The primary outcomes were the odds ratio (OR) and hazard ratio (HR) measures with their corresponding confidence intervals derived from the risk factors reported in the studies that evaluated the probability of PSE.

Risk of Bias Assessment

To estimate the quality of the selected articles, we applied specific scales. For observational cohort studies the Newcastle–Ottawa Scale allows the assessment of the selection characteristics of the participants, the comparability of the populations and the general results of the research. This tool assigns one star to each category; there is a higher risk of bias when the score is less than six stars; a moderate risk when the score is between six and seven stars; and a low risk of bias when the score is greater than seven stars.38,39

For studies that offer a predictive tool the PROBAST tool was applied since it is a specific score for estimating the quality of predictive models with multiple variables. To do this, each article is evaluated, indicating whether it is under development or in the process of validation by peers, and an in-depth investigation is conducted to assess whether there is a risk of bias in the selection of participants, predictors, and results with a general analysis. In this way, a low, high, and undetermined risk is estimated when there is at least one item classified as high or uncertain; and the concern about the applicability of said predictive tool to be evaluated is considered as low, high, and uncertain.40

Measures of Effects

The main effect measures in this dissertation are the OR and HR, expressed as binary data. The logarithm of OR and HR were calculated for subsequent use in the RevMan program. Means and standard deviations were used for continuous variables. Finally, the randomized effects method was applied according to the heterogeneity of the study conditions.

Synthesis Methods

A database was prepared with the previously stated items. Each study’s statistically significant variables were documented, and the coincidences of these variables between studies were then included in the meta-analysis for its comparison. The chosen studies were classified according to the reported measure of effect, between the OR and the HR. Two separate meta-analyses were performed to group the studies according to the data reported. To identify significant associations between the different PSE risk factors, OR data with 95% confidence intervals were used for comparison of cumulative proportions of LS incidents between the exposed and unexposed groups.

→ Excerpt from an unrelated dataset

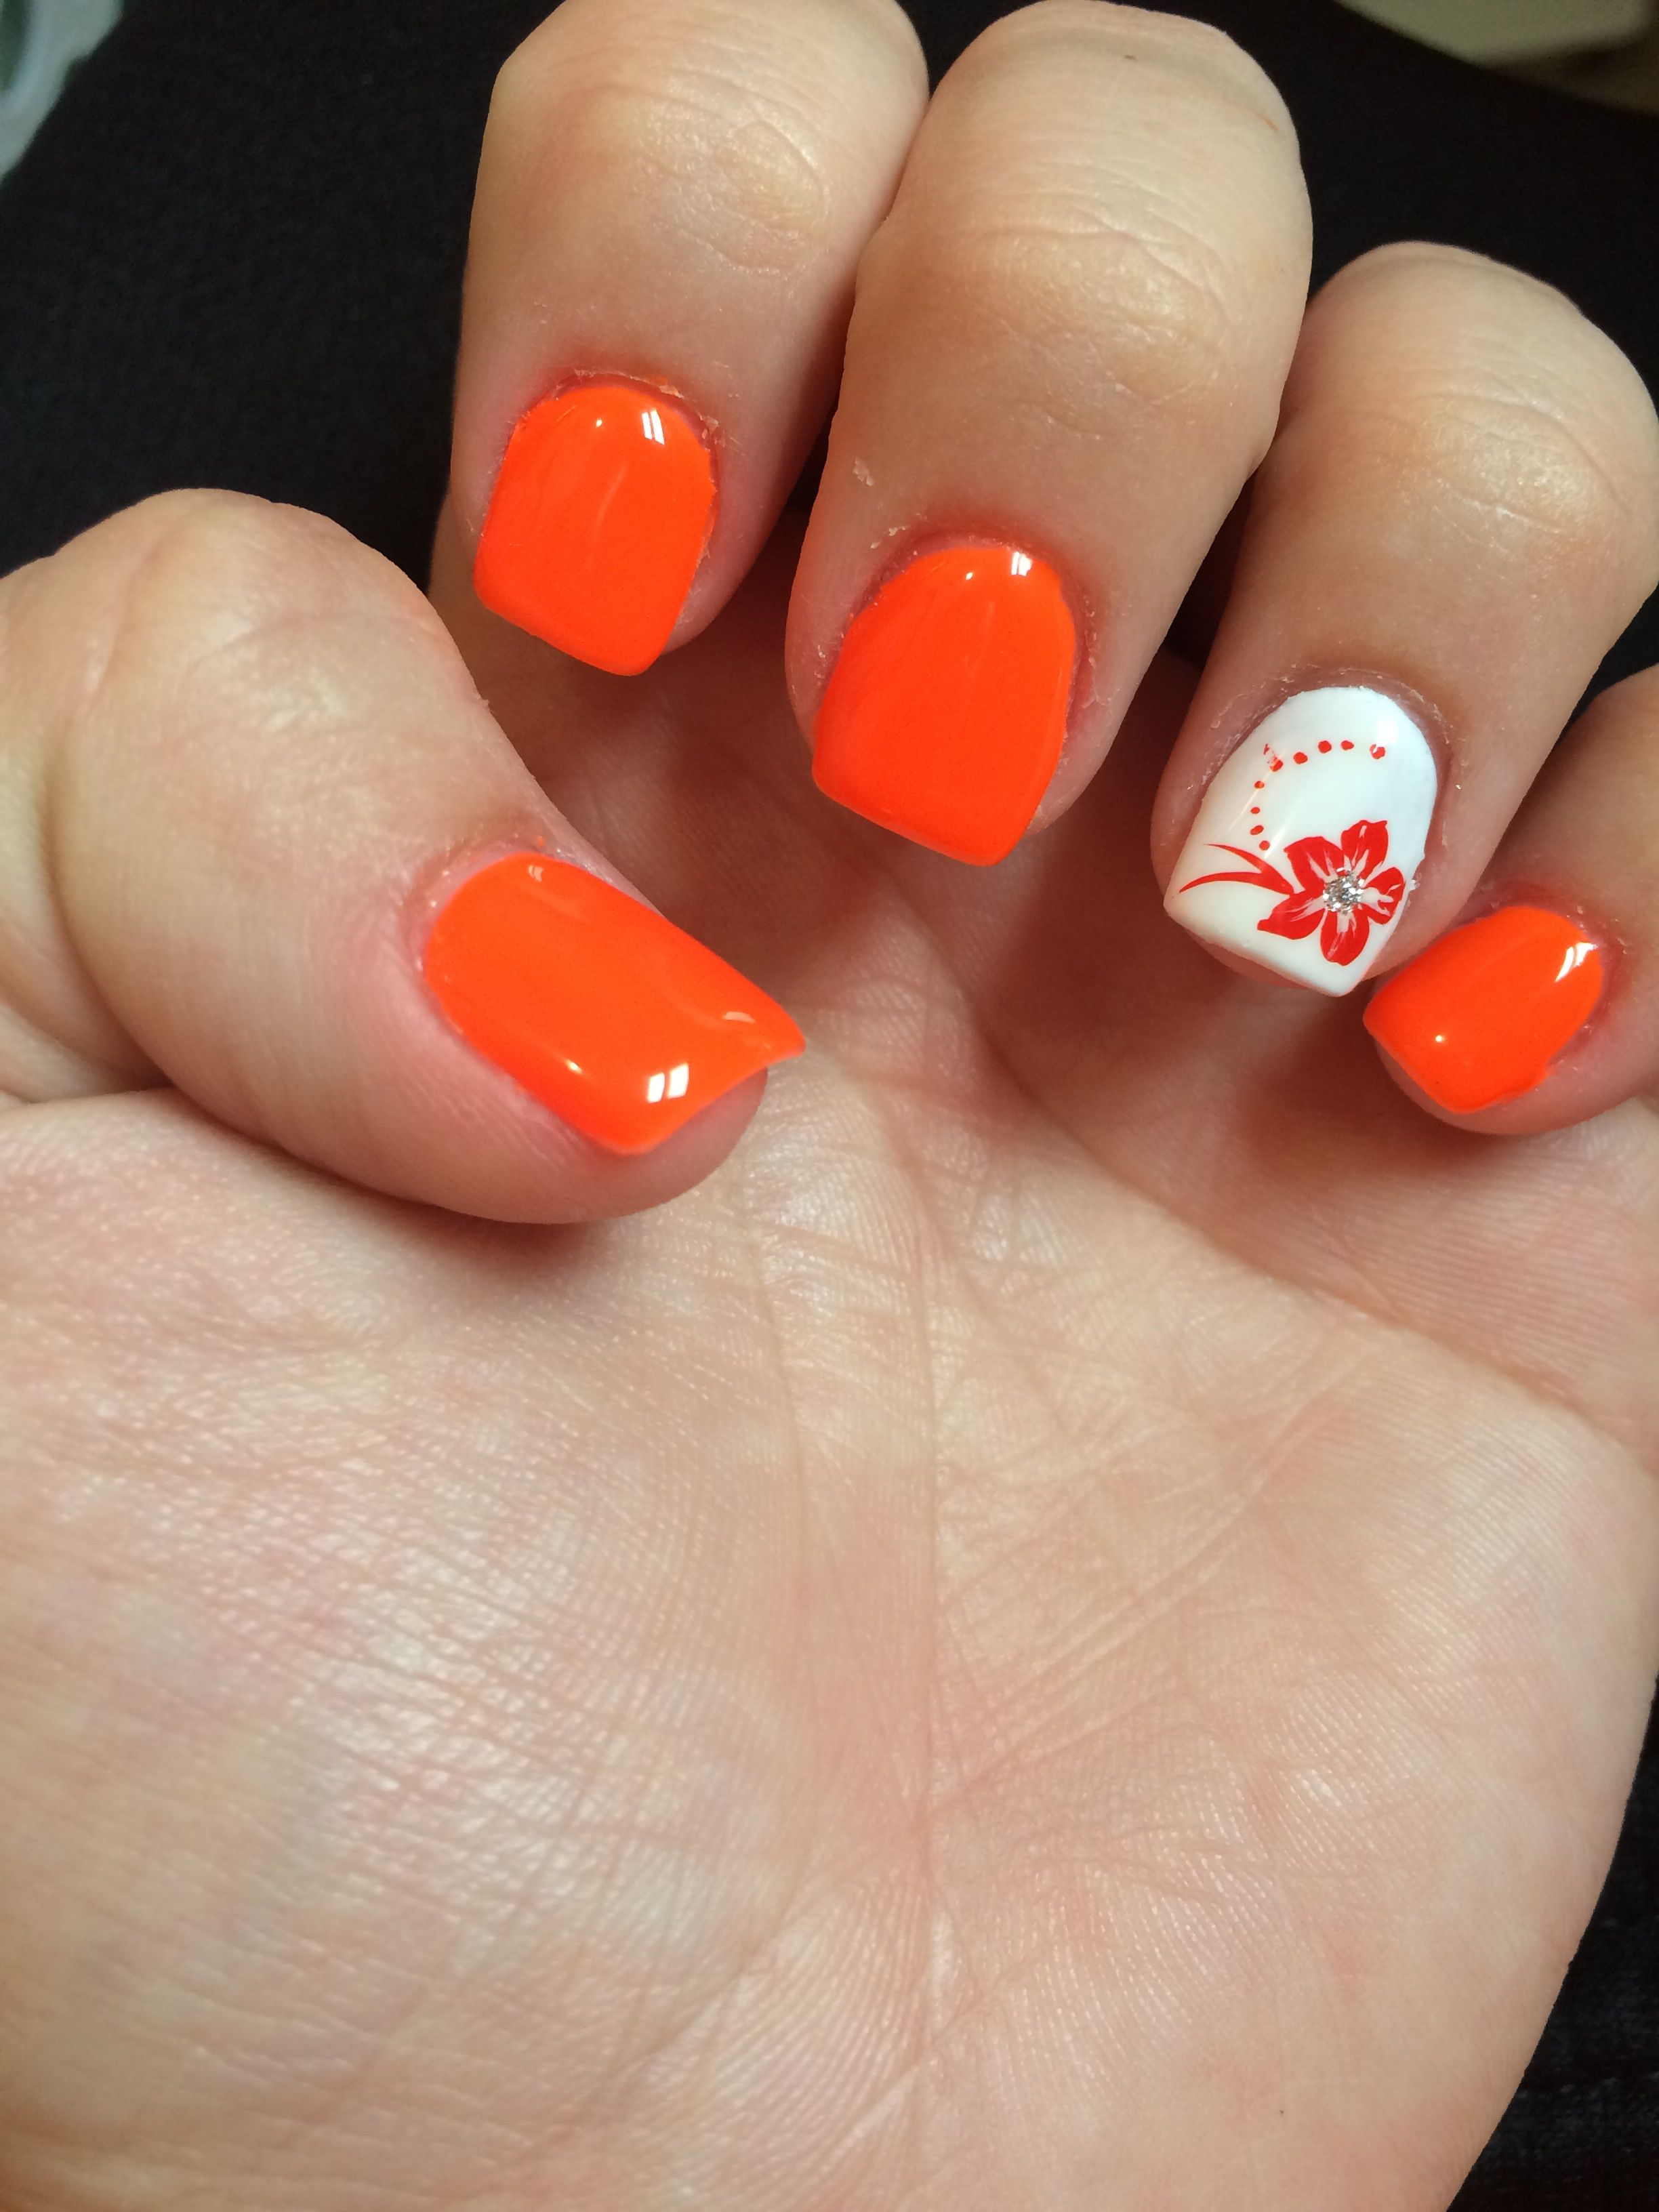 Neon Orange Nails With Flower Nail Art Pinterest Neon Orange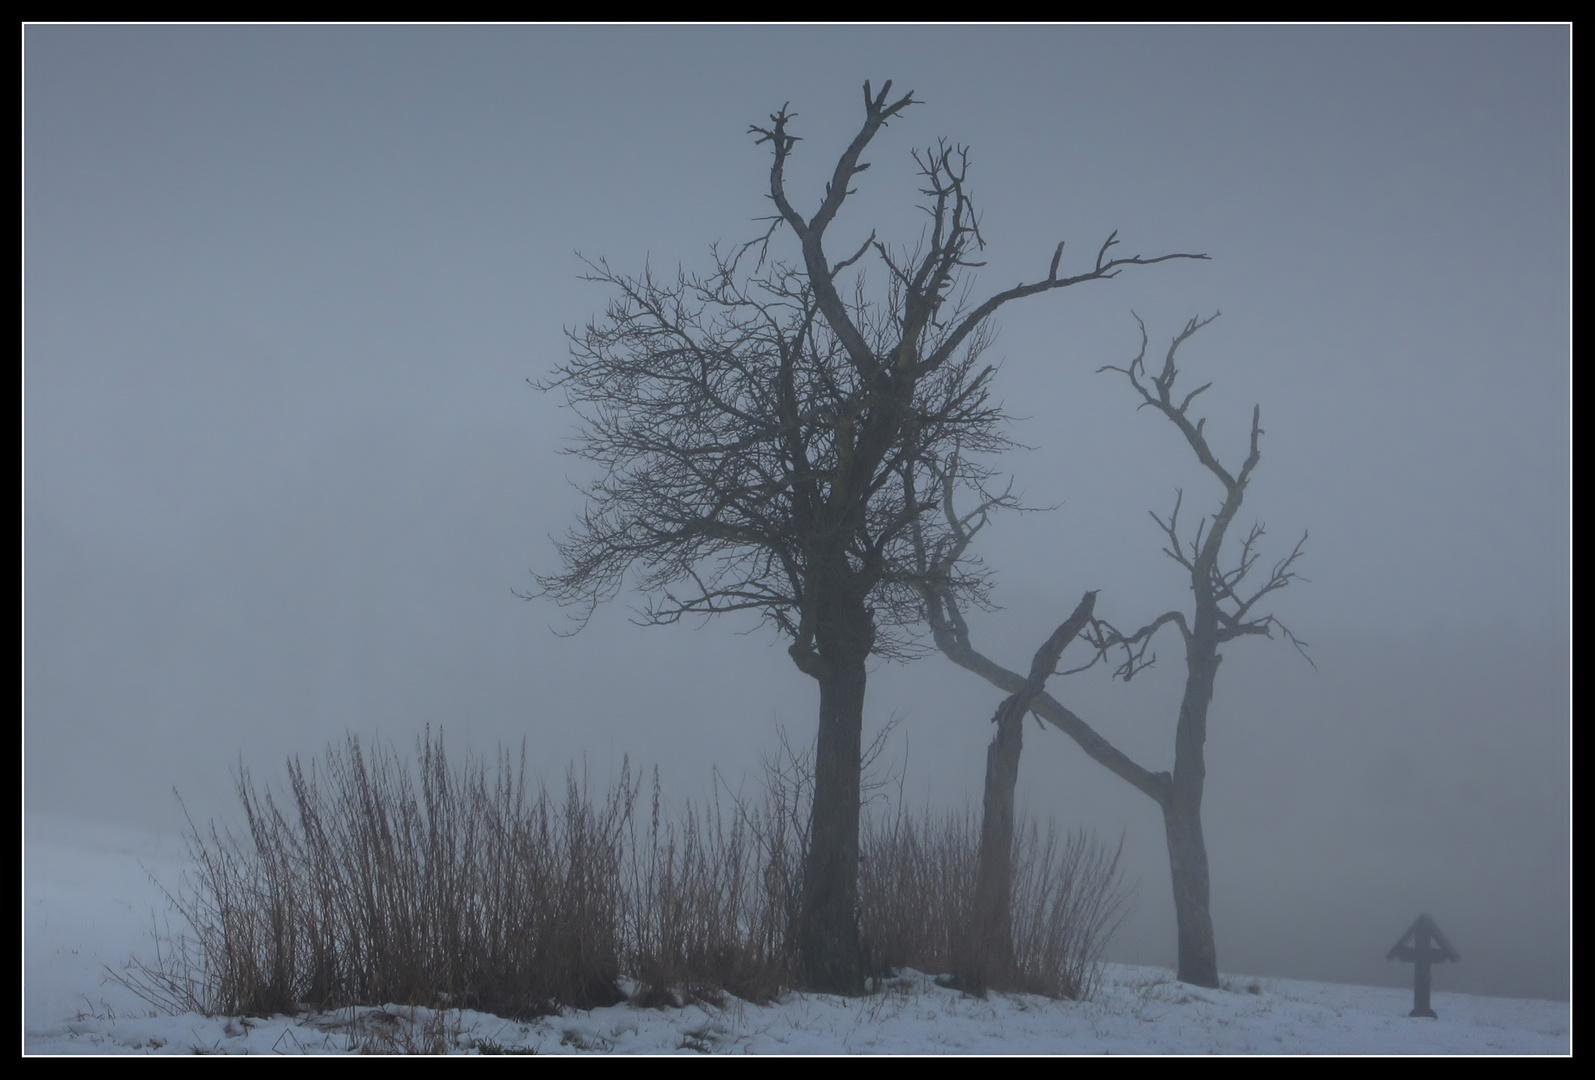 Winter - Impression 1

Consequently, we evaluated the studies that reported HR measures with 95% confidence intervals for the comparison of conditional probabilities over time; and we analyzed these data in the Review Manager 5.4.1 developed by Cochrane Reviews, where we entered the data to perform an inverse variance analysis of the OR and HR values of each of the variables identified as coincidences among the studies, thus performing subanalysis for each proposed risk factor.

The level of statistical significance was set at p<0.05 and the heterogeneity of the studies was evaluated visually by means of forest plots, and quantitatively by means of the I², so that the points of 25%, 50%, and 75% were used to consider low, medium, and high heterogeneity, respectively. In this regard, the statistical tables show the categorical data with percentages.

Results

Selection of Studies

After data extraction from the articles, a systematic review and meta-analysis were performed, including sixteen studies: seven were retrospective and nine were prospective. Mean follow-up time was 2.3 years, and a total of 298,694 patients with a diagnosis of stroke were evaluated, where 5590 had seizures. Likewise, nine studies used seven days as the cutoff point to define LS, while seven studies used fourteen days to define LS. These characteristics are summarized in Table 1.

Predictors Associated with PSE

Studies Reporting Odds Ratio

Regarding the analysis of age, five studies were included, with a total population of 201,068, where no significant effect was seen (OR 1.55 [95% CI: 0.38–6.27], Z=0.61, p=0.54) (Figure 2). Regarding mRs, four studies were observed, with a total population of 198,047, where no heterogeneity was seen among them, but an (OR 2.63 [95% CI: 1.28–5.41], Z = 2.64, p=0.008) was evidenced. For the analysis respecting to hemorrhage, there were seven studies included, with a total population of 203,754, where a high heterogeneity of (I²=81%) and a Z value of 3.43 was obtained (OR 2.06 [95% CI: 1.36–3.11], p=0.0006).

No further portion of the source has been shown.